I was talking to my husband today before he went to work and said that we should have a Christmas tree for our apartment. I decided that, for some strange reason, I really did want a tree. I guess I figured that, since this was our first Christmas as a married couple, I’d really like to have a tree to mark the occasion. He was against it. He didn’t want to deal with the trouble of a tree and I don’t blame him.
See, I don’t usually like Christmas trees. They’re too much trouble to put up and they’re only up for such a short period of time that I don’t typically care to do it. I usually just go to my parents’ house and help my mom with their tree the week after Thanksgiving. (She likes that.) We go help my husband’s mother with her tree when we get a chance. It’s just what we do.
This year, I guess I want it to be different. I think that, this time, I want to start our own traditions. I don’t want to stick with the old traditions of our old families. We’ve started a new family so new traditions are in order. Of course, I’m still going to stick with the old traditions a little. The “birthday box” will be welcomed with open arms. I tend to parrot my mother’s old “hoppy bird-day”joke whenever there’s a birthday in my group of friends and family. Otherwise, I’d like to see if we can make our own things happen. I don’t want our lives to be split between his family and mine. I want our lives to be our lives. I’m fighting to make it that too. I will not accept someone else ruling our life together. I love both our sets of parents, but he is mine and I am his. We are no longer just their children. We are a unit, a husband and wife, and we will do things together in our own way.

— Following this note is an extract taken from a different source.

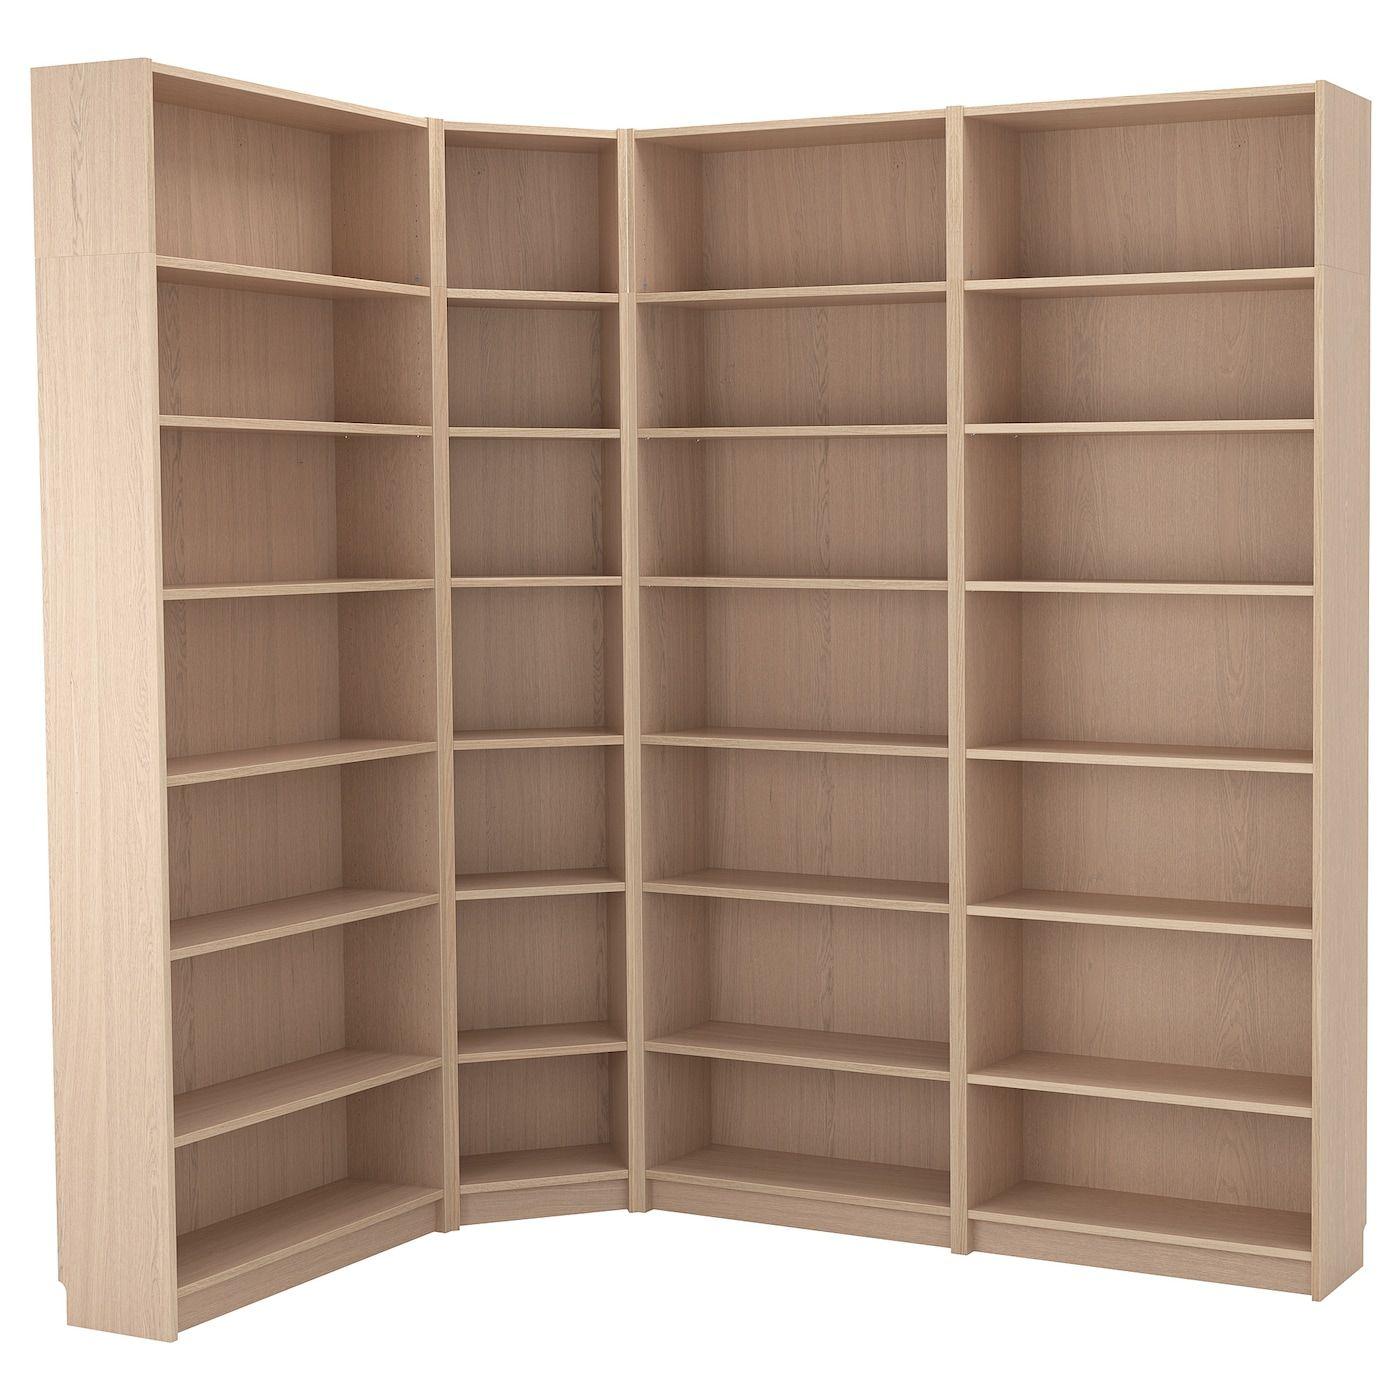 BILLY Bücherregal Eichenfurnier weiß lasiert IKEA

So, I made dinner tonight like normal. I played games with my buddies online. (Iron Brigade, the current free game on Xbox Live, is quite amazing. I’m loving it.) By midnight, I couldn’t figure out where my husband was, but I really wasn’t worried. Sometimes he’s a little late due to a long phone call or he goes by his parents’ house to pick something up. I did get a cryptic message asking if I preferred stars or angels, but I figured he was getting me something either Christmas-y or for Christmas so I didn’t think anything about it. When he got home from work, he opened the door and a long box was over his shoulder. My charming husband had brought me home a Christmas tree! There wasn’t much with it—two strands of tinsel, a tree skirt, and a box of five ornaments—but that’s not what matters. What truly matters is that my husband loves me so much that, even though he didn’t want to have one, he bought me a Christmas tree. I won’t lie, I cried when he sat it down. I didn’t cry, because I was upset. I cried, because I was happy. I do that. I don’t understand it, but I do it. I was so overcome by the happiness of the moment and cried.
Thankfully, at his mother’s advice, he picked out a tree that was pre-lit with multi-colored lights so I didn’t have to do that part. I did manage to string the two strands of tinsel around to where they look decent. I put up the five Star Wars ornaments that he brought home and the tree still looks kind of naked, but we’ll fix that. We’ll add more ornaments every year until we have a tree full of gaudy bobbles. I’m all for the thing looking hideous due to having too many ornaments that don’t match at all. I’m one hundred percent ready for it.
So now, we have this neat little tree up in our living room. The cat has already tried to get under it and look around, but I’ve chased him off of it. I really don’t want him to knock it down. I worked damn hard on this thing and I’m proud of our little tree.
I look at this tree and I see the love that my husband has for me. He didn’t want a tree, but I expressed a need for it and he got it for me. That’s how I know our love is real.